The concept of consequences is central to the topic of career management. The decisions we take today will have consequences in the future, some of which it is possible to anticipate, some of which we do anticipate, some of which we do not anticipate and some of which we could not possible anticipate.
As I watch the UK government and opposition contend with the consequences of the Brexit referendum, I find myself considering the implications of a political referendum. Somewhat like the ingredients of a cake, there were a wide range of factors mixed into a decision for the UK to leave the European Union. These included the available information, a mixture of facts and propaganda. There was also the receptivity of the voting public to the available information, based on their prior experience.
Then of course there were the agendas of all concerned. Those who provided information, in the decisions they made about what information to present and what information to with-hold. Then there were the agendas of the recipients (voting public) in terms of the information they chose to attend to and the information they chose to ignore.

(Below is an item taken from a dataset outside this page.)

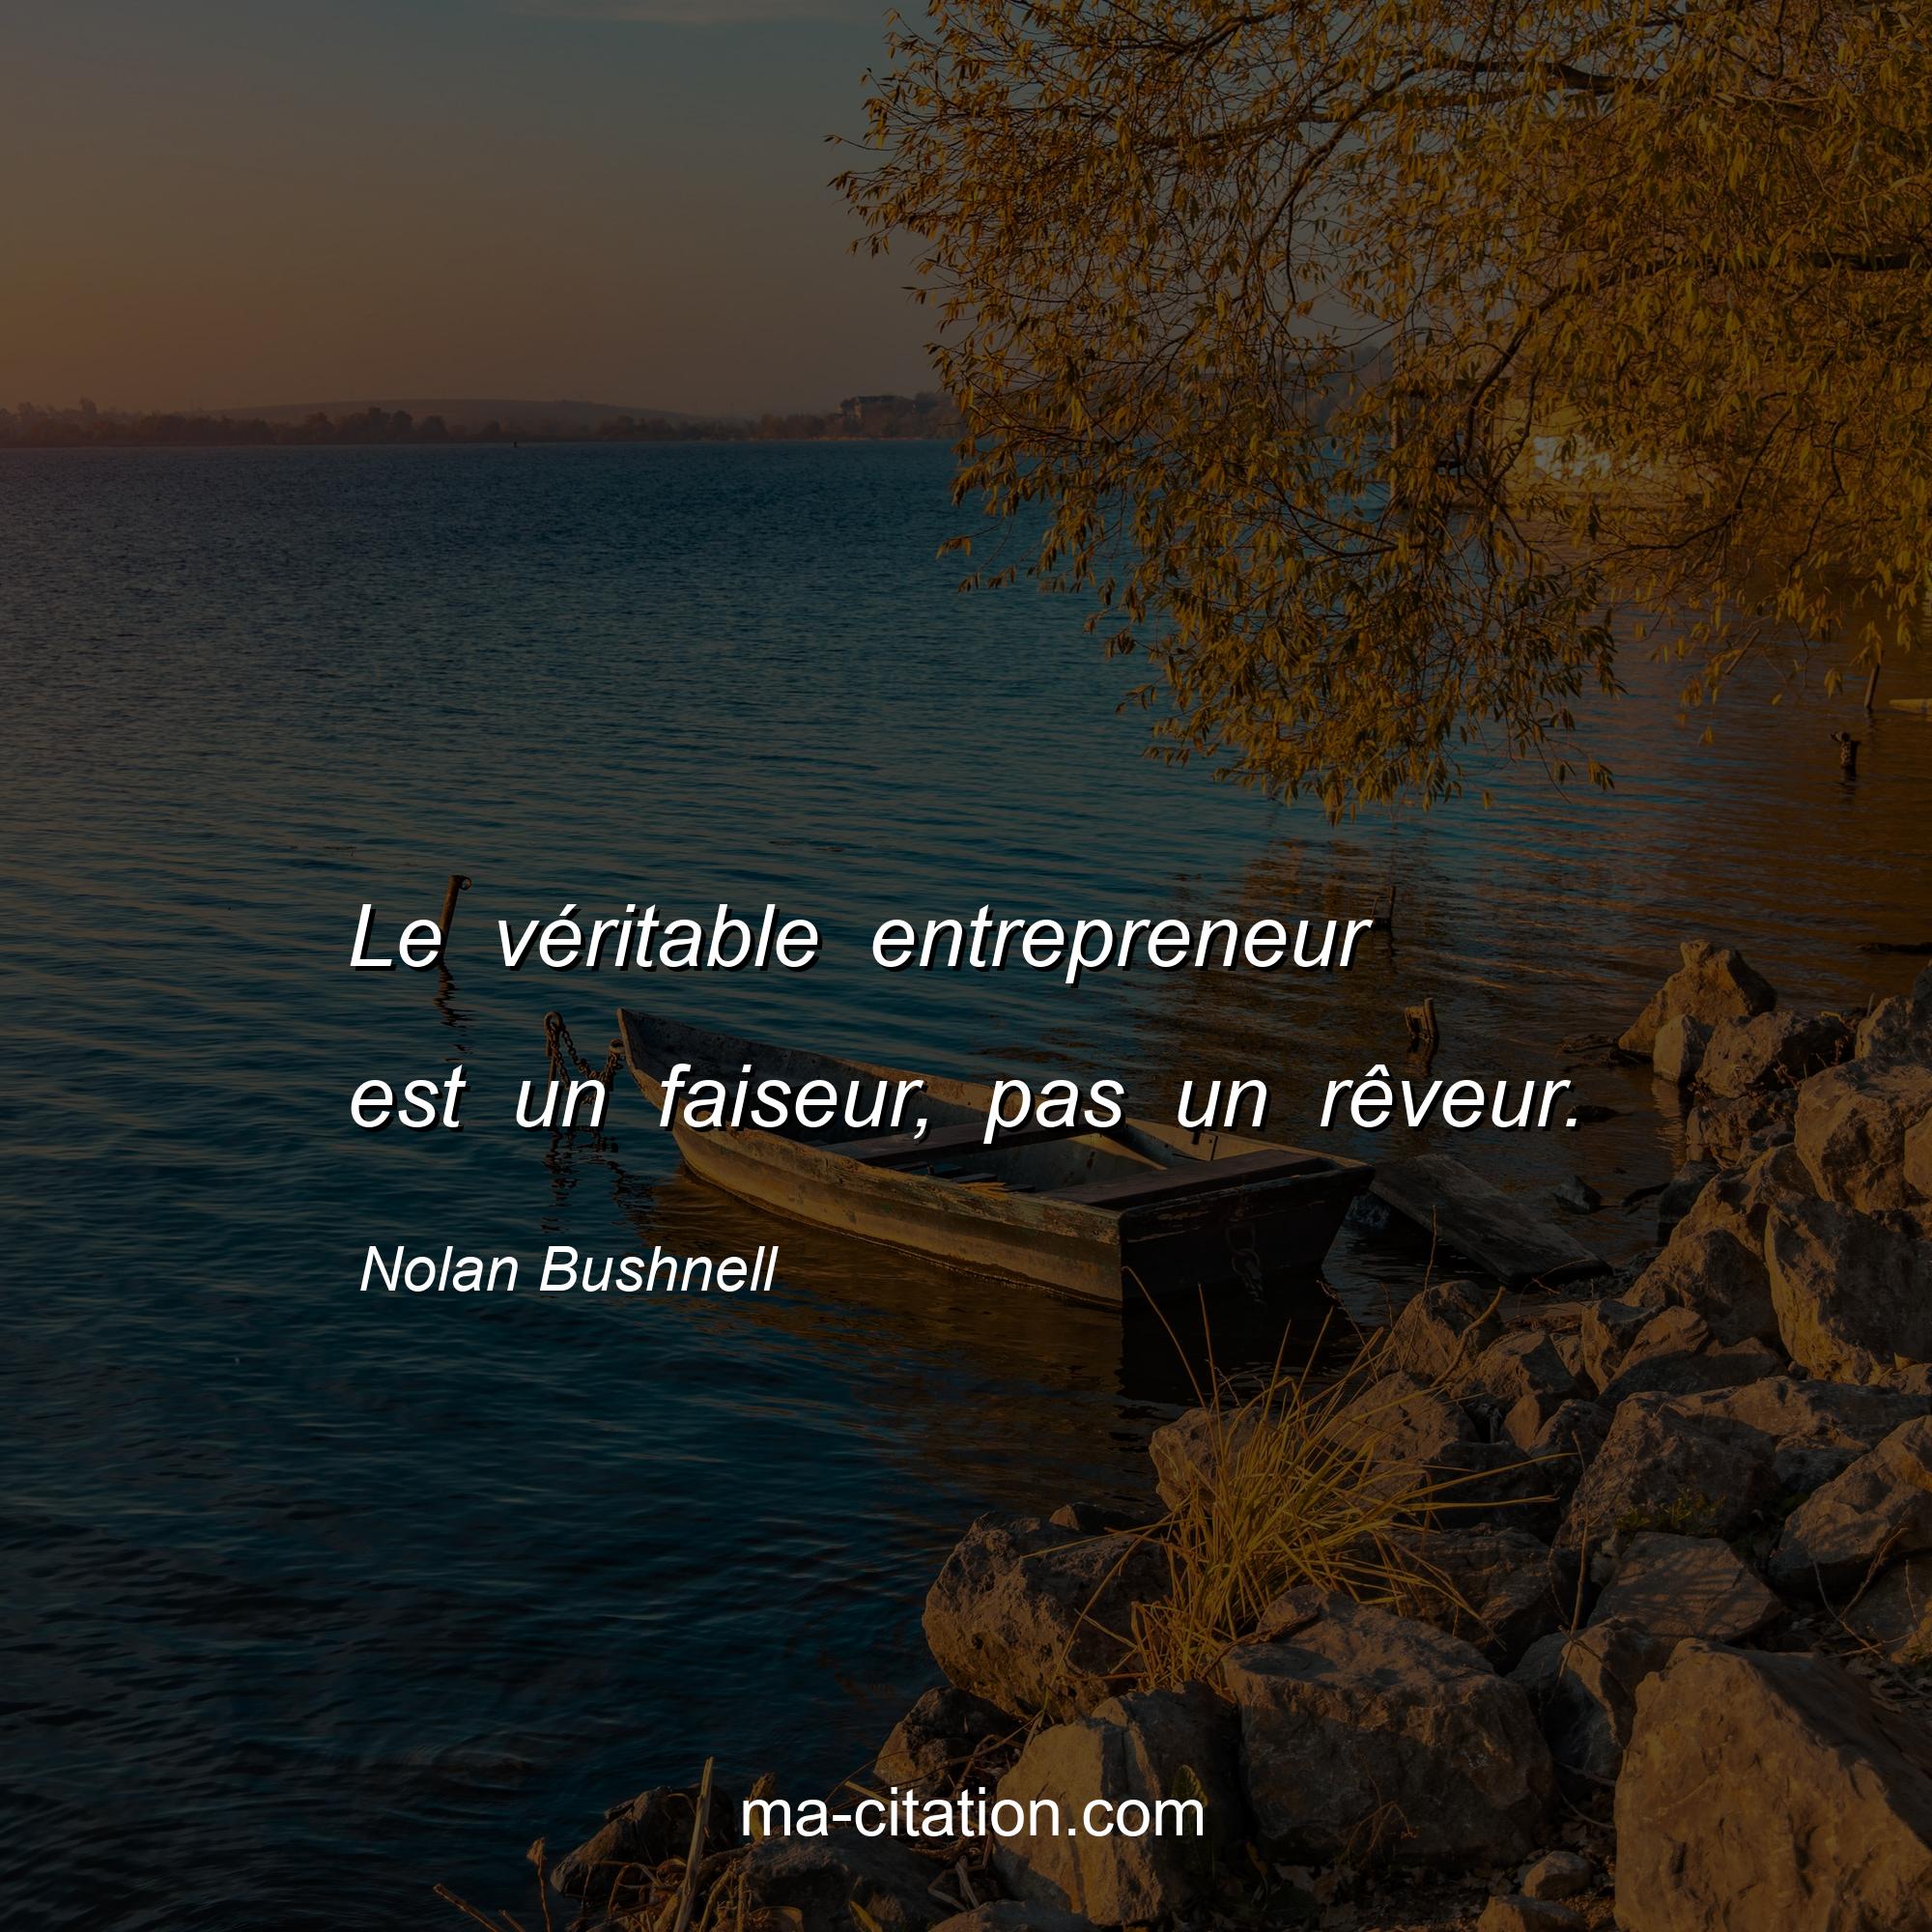 Nolan Bushnell : Le véritable entrepreneur est un faiseur, pas un rêveur.

In making career decisions, we have a range of information available to us, some of it accurate and some of it not so. There are people presenting us with certain information and with-holding other information. We have choices regarding which information we attend to and which we ignore.
As with the Brexit vote, the consequences of the career decisions we take will stay with us. Probably best to make sure we gather as much of the information as we can, verify the reliability of the information sources available to us and try to gauge the long-term impact of our decision. After all, it is dreadful to see people struggle with the consequences of a wrong decision.